Advanced queries for cluster insights:

# Cluster CPU usage across all nodes
sum(rate(node_cpu_seconds_total{mode!="idle"}[5m])) by (nodename) * 100

# Memory usage per node
(node_memory_MemTotal_bytes - node_memory_MemAvailable_bytes) by (nodename)

# Disk usage across cluster
sum(node_filesystem_size_bytes) by (nodename) - sum(node_filesystem_avail_bytes) by (nodename)

# Network I/O per node
rate(node_network_receive_bytes_total[5m]) + rate(node_network_transmit_bytes_total[5m])

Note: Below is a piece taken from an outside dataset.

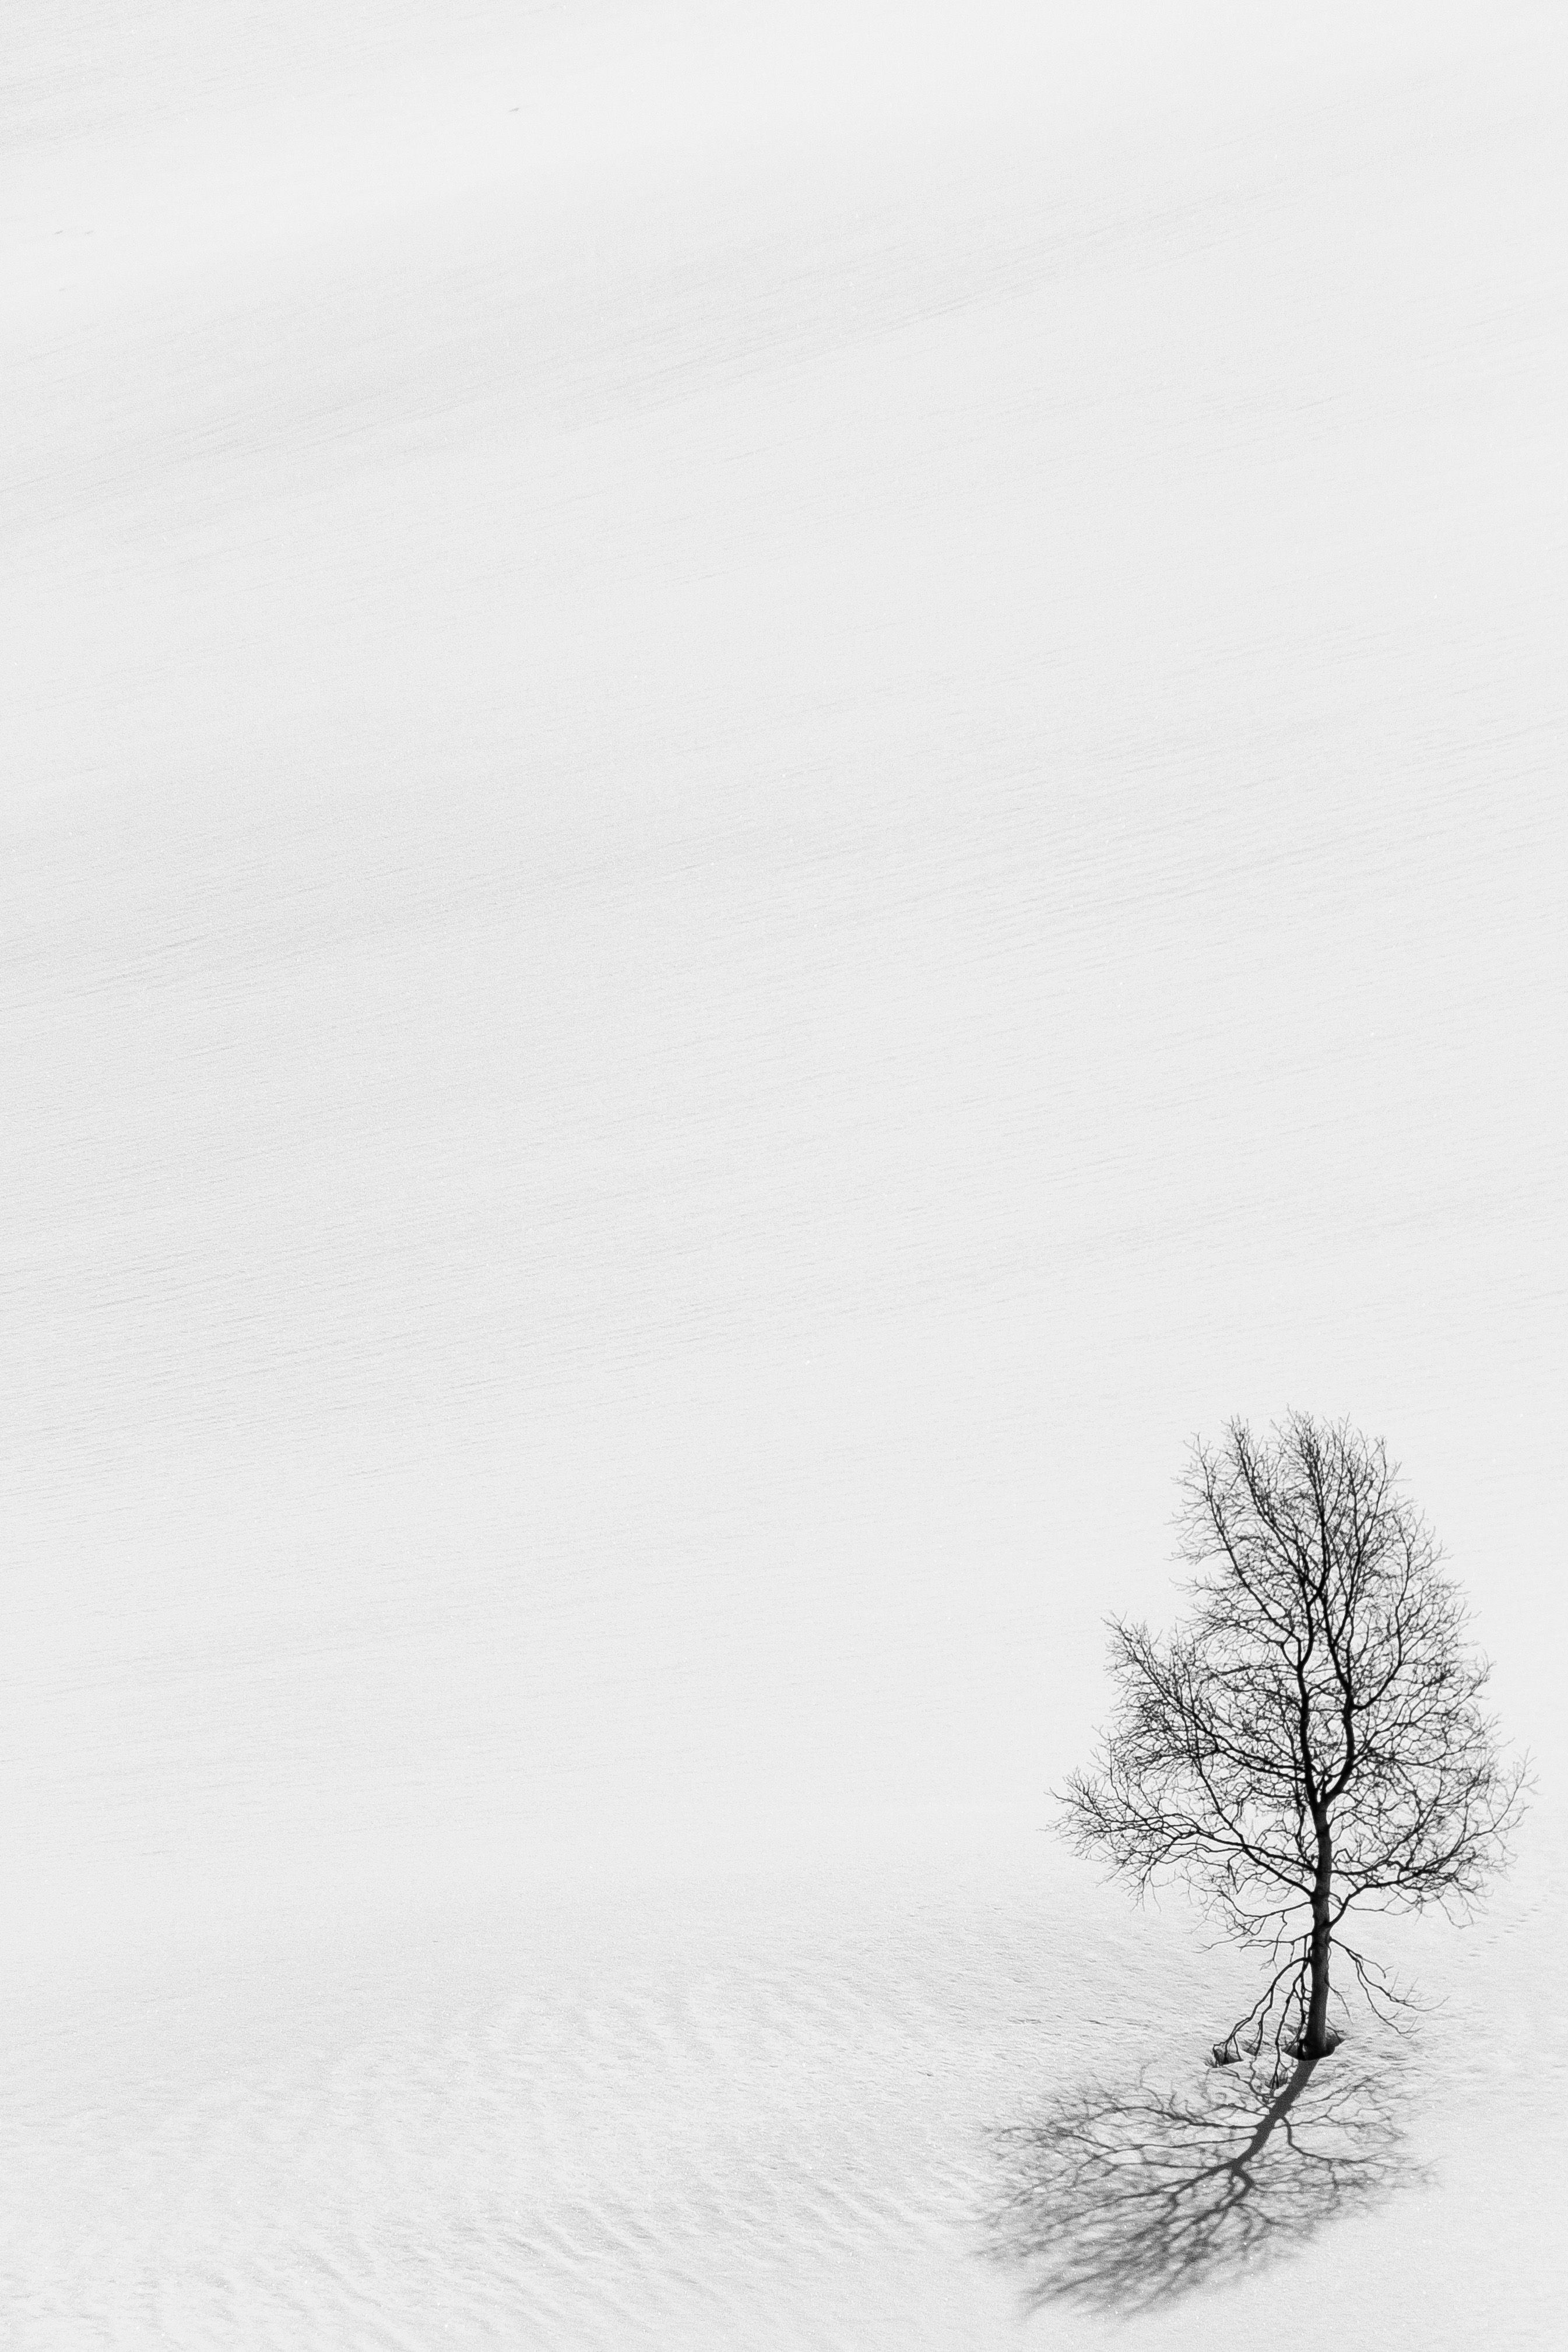 chb, winter, nature, snow, wood, tree, minimalism, bw Desktop Wallpaper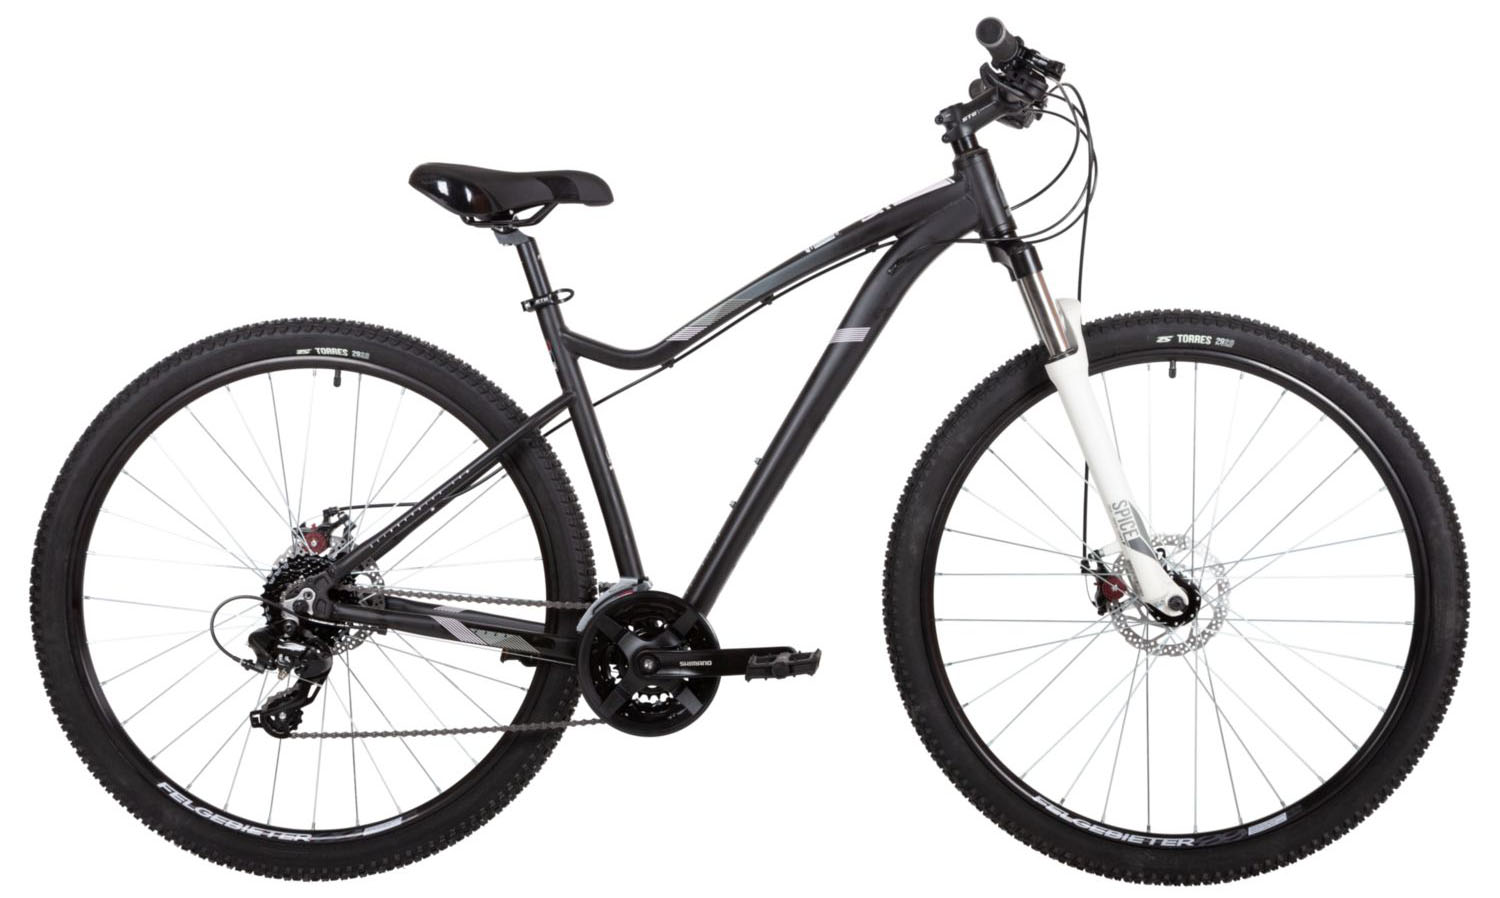  Отзывы о Горном велосипеде Stinger Vega STD 29 2021

Create custom monitoring dashboards:

1. Go to Graph tab in Prometheus UI
2. Enter queries and visualize metrics over time
3. Use Console templates for advanced queries

---

Phase 6: Performance Monitoring and Optimization

Step 10: Performance Monitoring Evidence Collection

Objective: Collect specific performance metrics and evidence of monitoring effectiveness.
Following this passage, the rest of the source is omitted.